Но эта чудодейственная голова никогда не свихивается. Кампания 1759 г. еще раз доказывает, что великий полководец не тот, кто не проиграл ни одной битвы, а кто при тягчайших неуспехах не отчаивается и умеет не дать неприятелю воспользоваться плодами побед.

Тринадцать дней, проведенные в фюрстенвальдском лагере, не были потеряны даром: если по мере отдаления рокового 12 августа союзники все более и более растрачивали впустую время и упускали плоды своего триумфа, то у Фридриха II уже накапливались новые силы для реванша.

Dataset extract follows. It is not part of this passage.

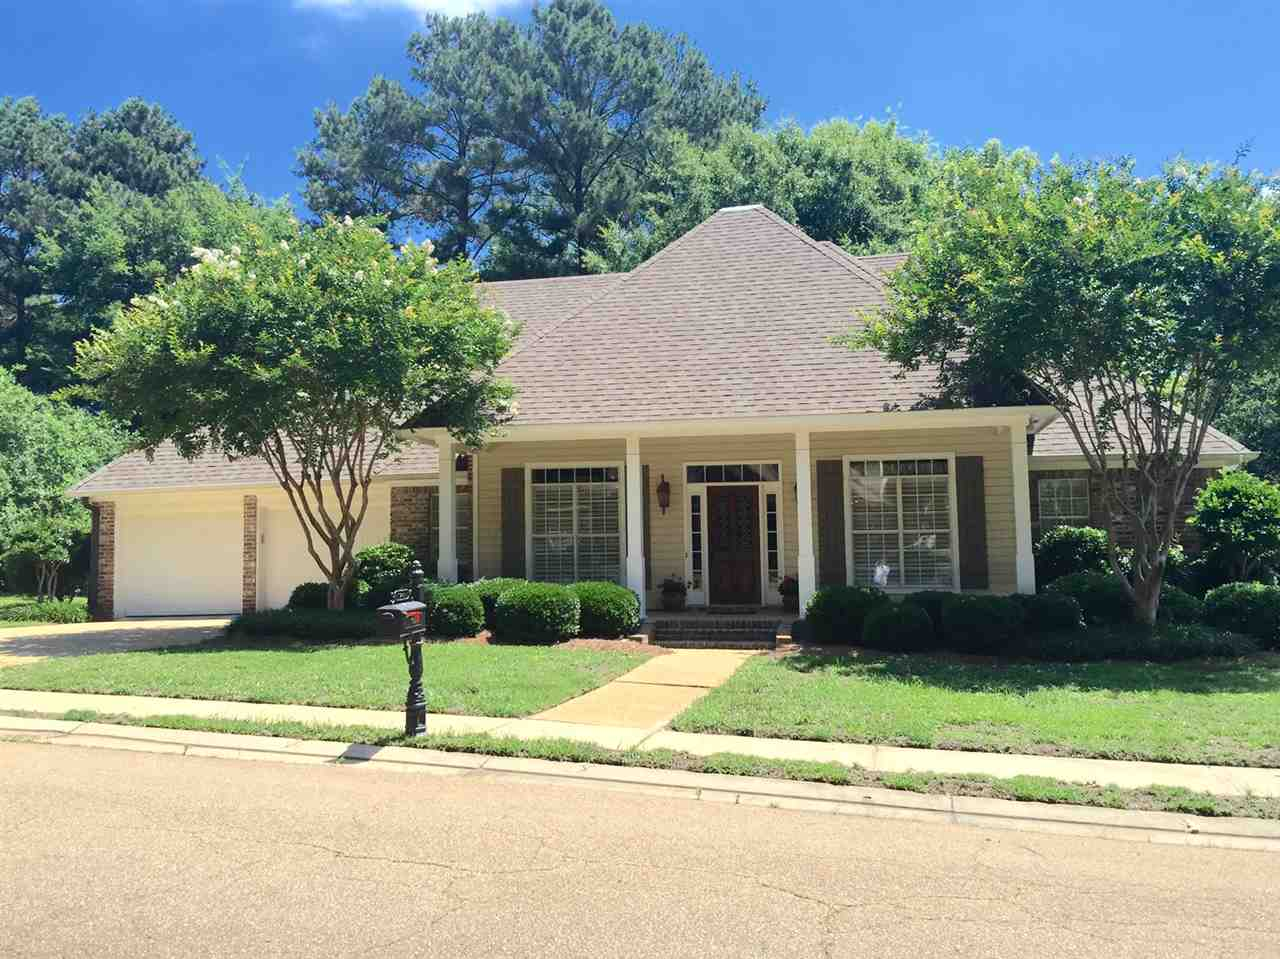 Real Estate for Sale, ListingId: 33740597, Madison,MS39110

30 августа король сообщает Финкенштейну неожиданную и радостную новость об уходе австрийцев в Лузацию: «Я полагал, что они пойдут на Берлин, а они двинулись в противоположном направлении». 1 сентября разделение русских и австрийцев казалось уже совершившимся, и Фридрих с восторгом пишет принцу Генриху: «Возглашаю вам о чуде, осенившем Бранденбургский дом».

Действительно, чудо, которое одно только и могло спасти его, совершилось. Фельдмаршалу Дауну и Конференции удалось остановить натиск русских орлов, устремившихся к Берлину. Победоносная армия, опутанная невидимыми узами, подчиняясь зловещим чарам, оставалась недвижимой в своем лагере у Либерозе.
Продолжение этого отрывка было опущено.